Material for the task:
◇ ◇ ◇ ◇
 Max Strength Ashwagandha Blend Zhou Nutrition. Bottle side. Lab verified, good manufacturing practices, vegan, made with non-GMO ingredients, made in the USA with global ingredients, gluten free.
◇ ◇ ◇ ◇
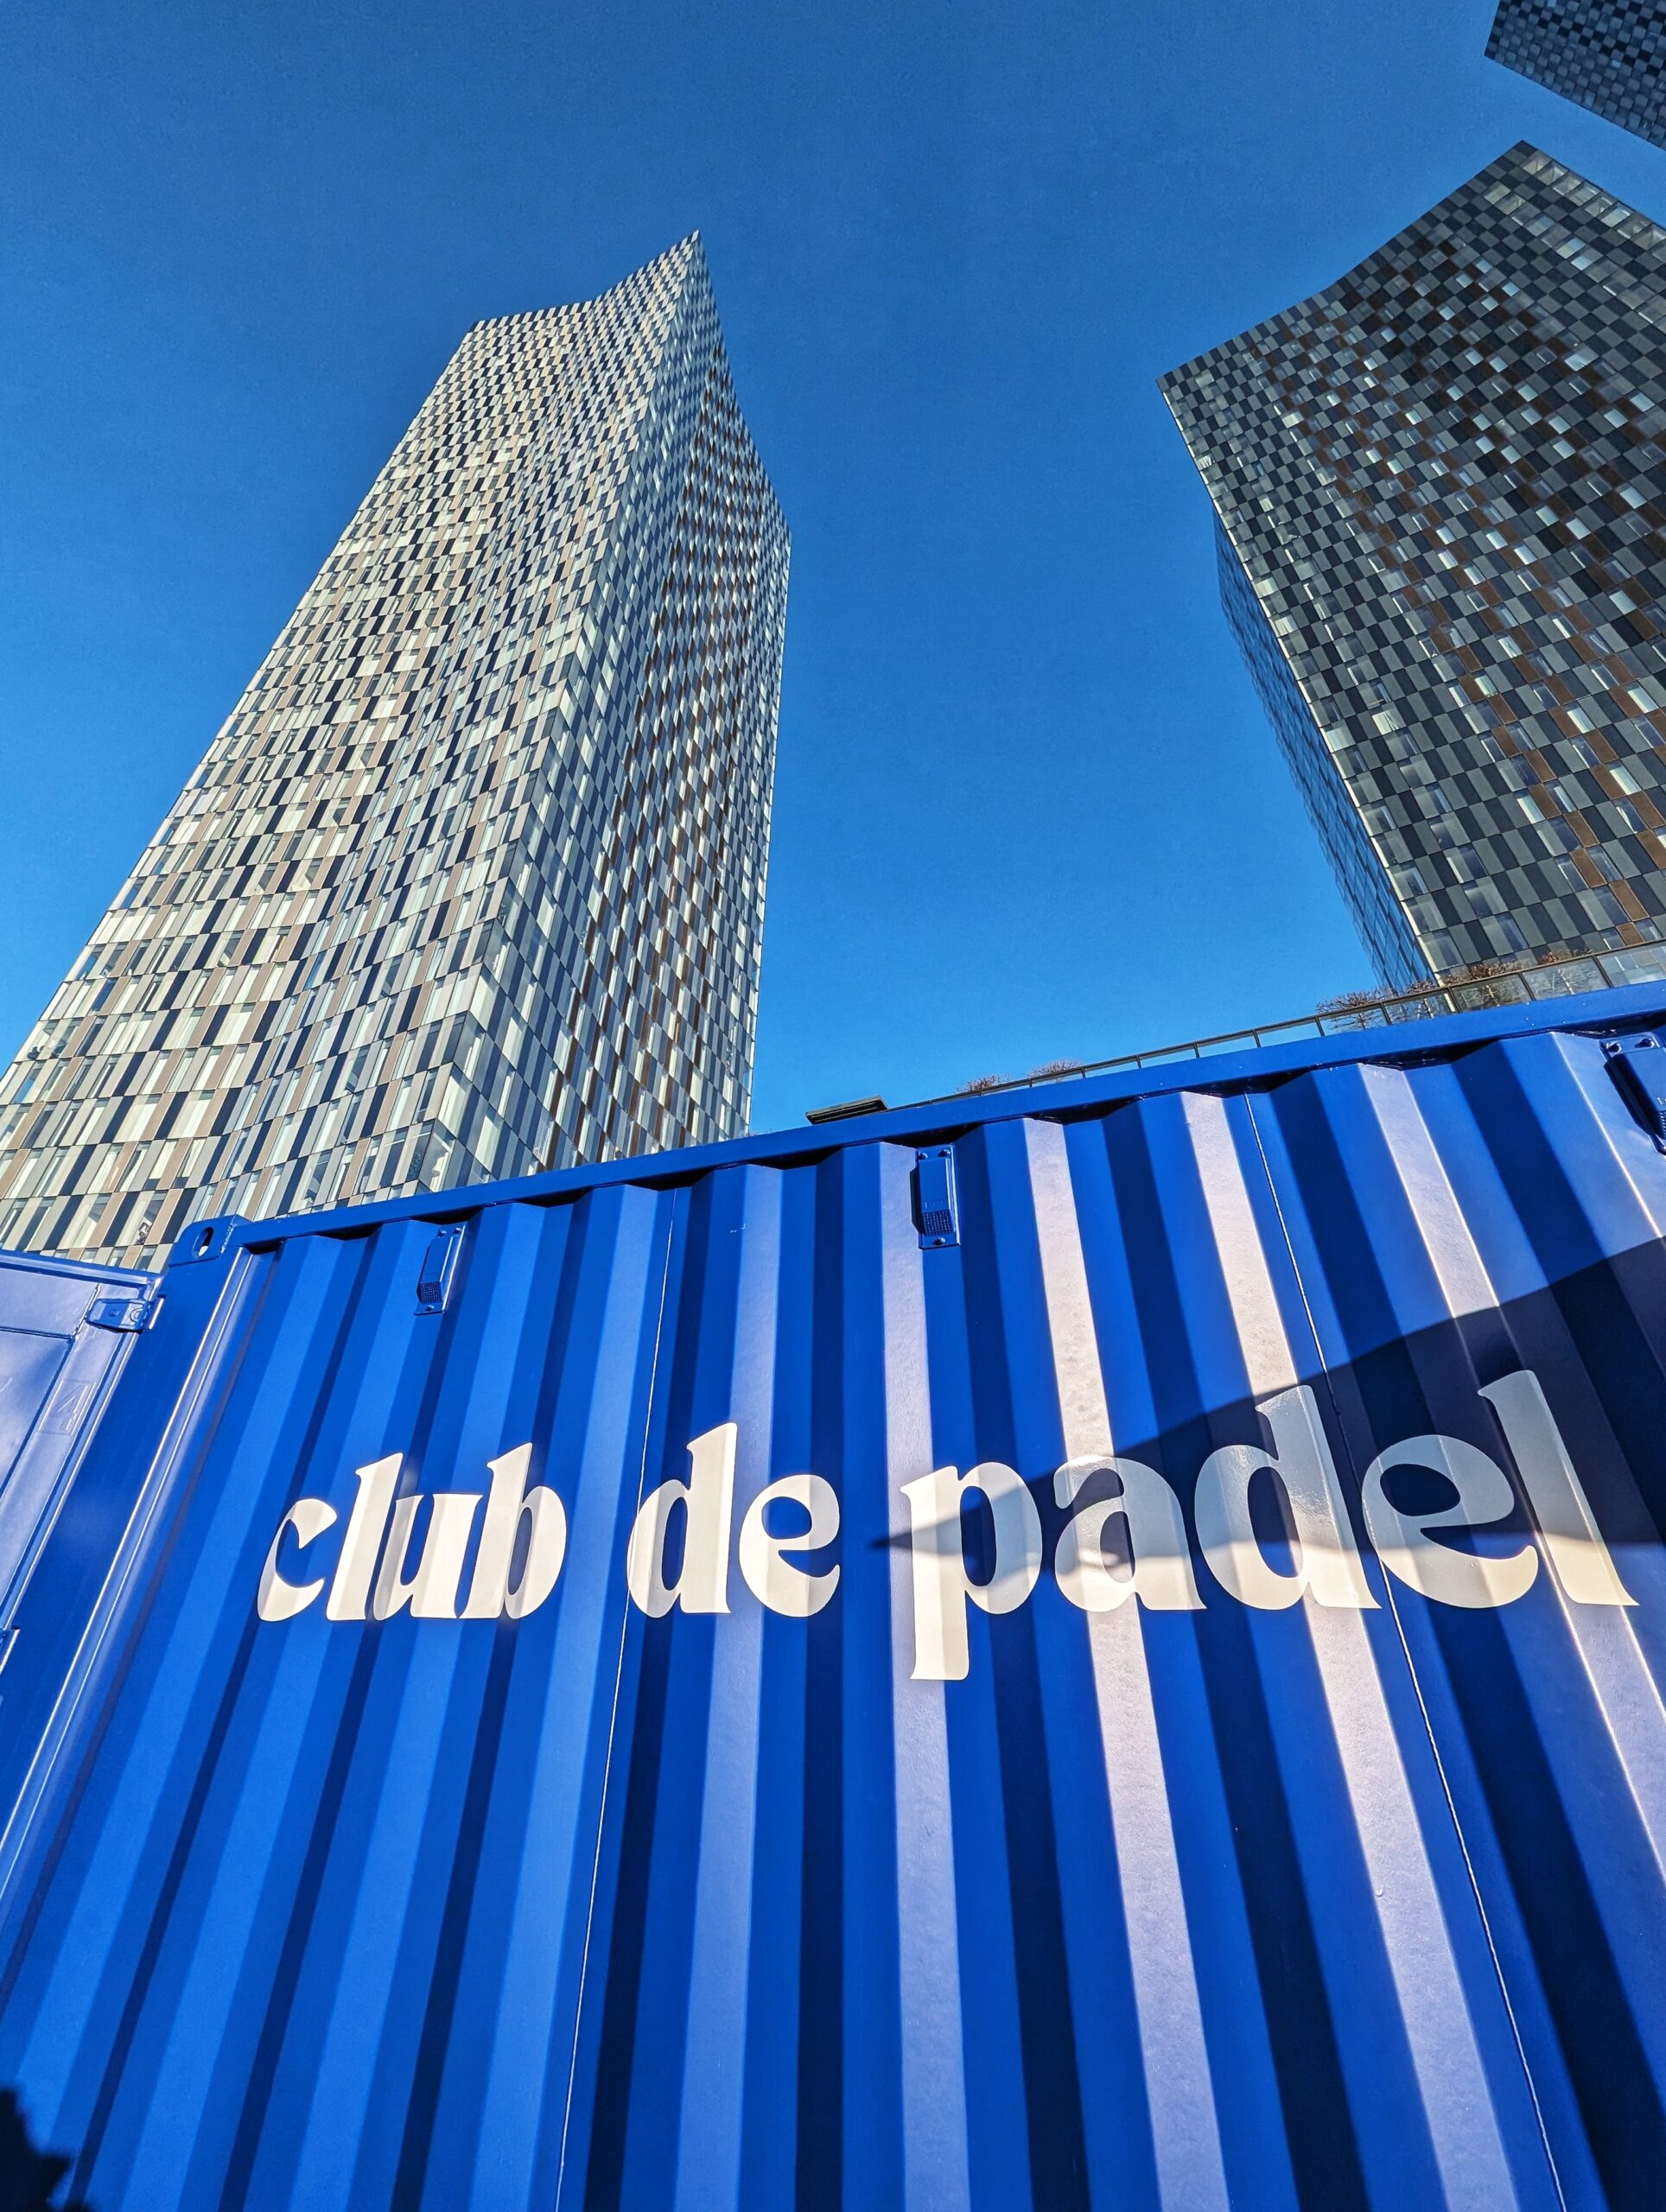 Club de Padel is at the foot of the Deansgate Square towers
◇ ◇ ◇ ◇
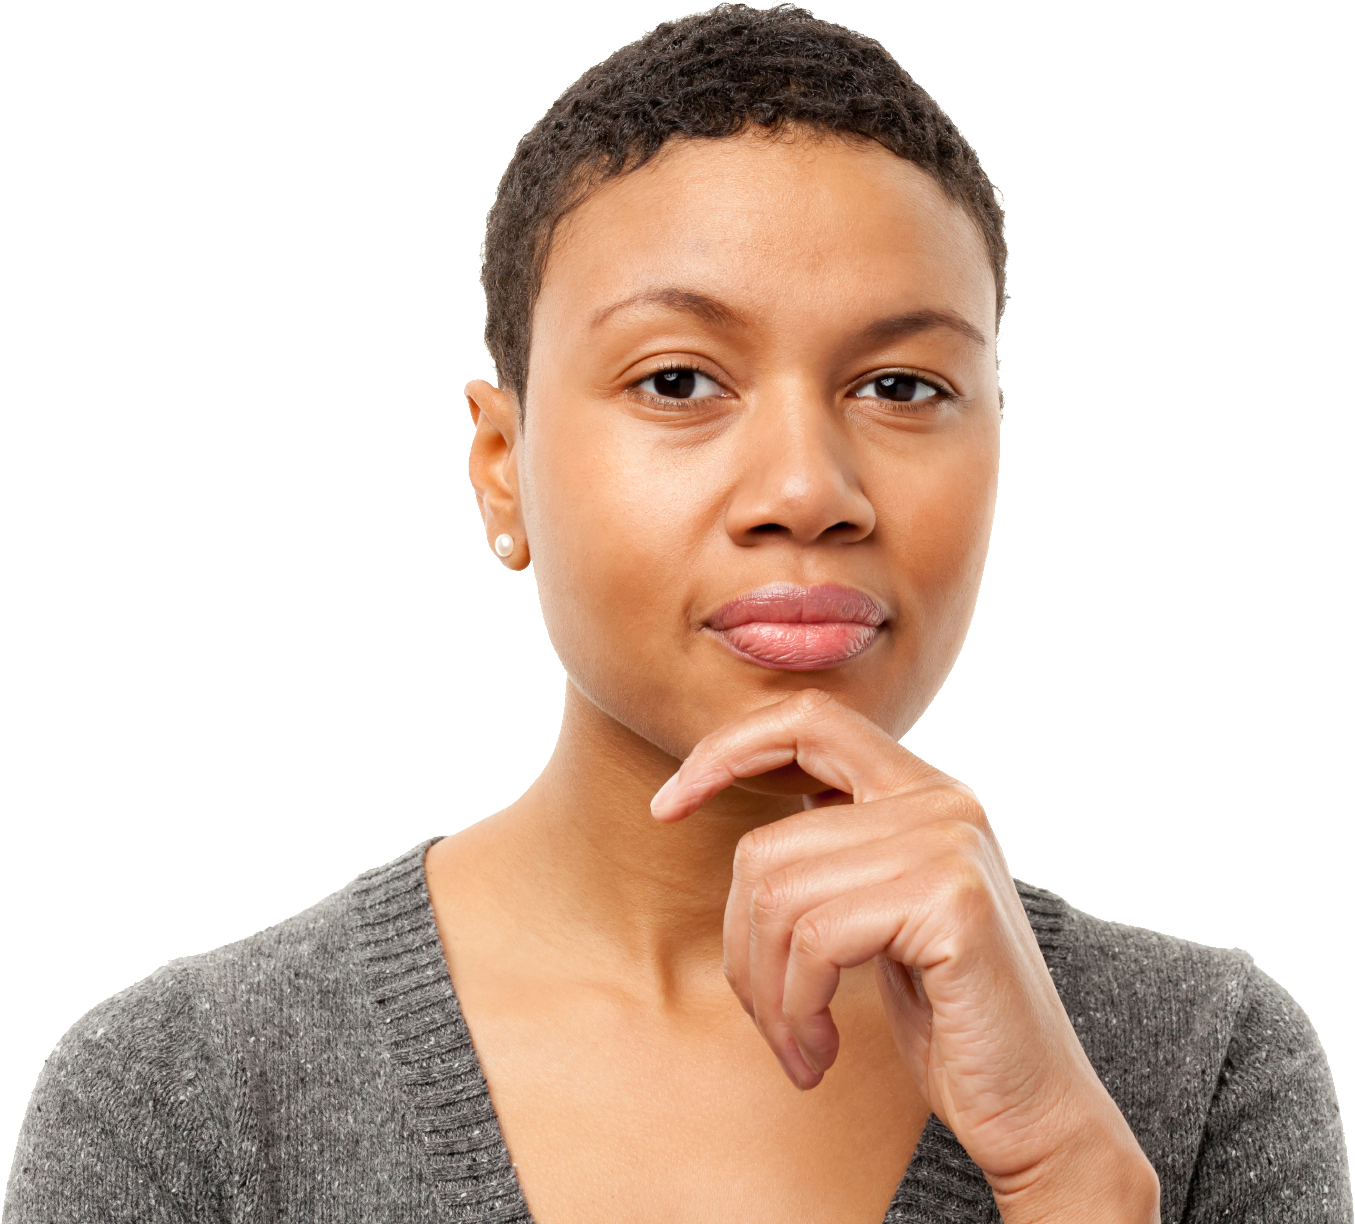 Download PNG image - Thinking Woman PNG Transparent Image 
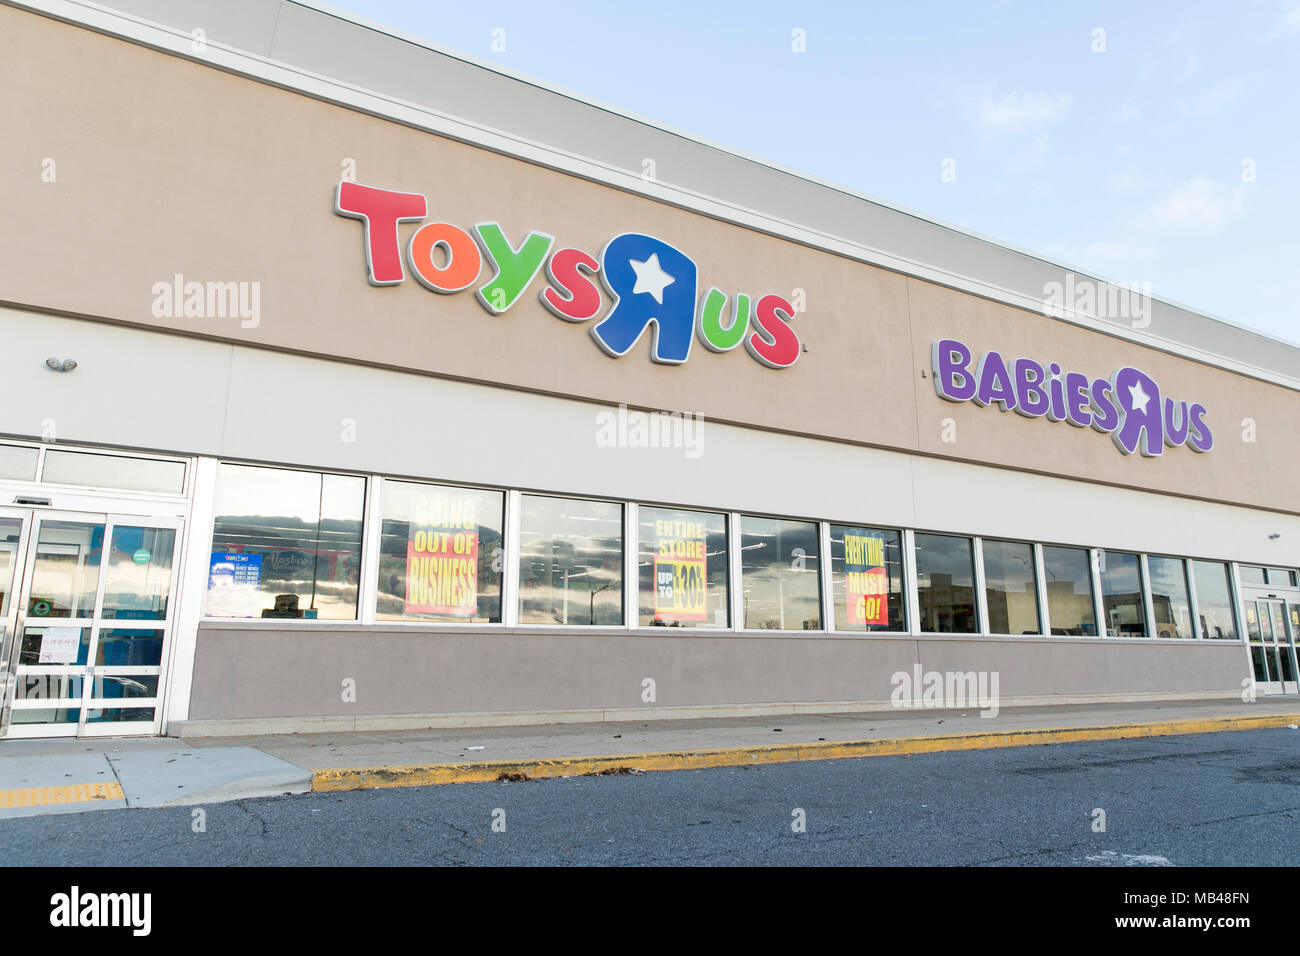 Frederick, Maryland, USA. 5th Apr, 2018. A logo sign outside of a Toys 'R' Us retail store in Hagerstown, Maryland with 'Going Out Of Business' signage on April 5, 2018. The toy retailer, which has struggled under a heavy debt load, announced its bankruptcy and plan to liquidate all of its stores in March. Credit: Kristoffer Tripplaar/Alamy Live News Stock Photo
◇ ◇ ◇ ◇
Assignment: From the records above, return exactly the lines running from the one that contains "Download PNG image" down to the one that contains "Frederick, Maryland, USA.", both included, without any pictures.

Response:
 Download PNG image - Thinking Woman PNG Transparent Image 
 Frederick, Maryland, USA. 5th Apr, 2018. A logo sign outside of a Toys 'R' Us retail store in Hagerstown, Maryland with 'Going Out Of Business' signage on April 5, 2018. The toy retailer, which has struggled under a heavy debt load, announced its bankruptcy and plan to liquidate all of its stores in March. Credit: Kristoffer Tripplaar/Alamy Live News Stock Photo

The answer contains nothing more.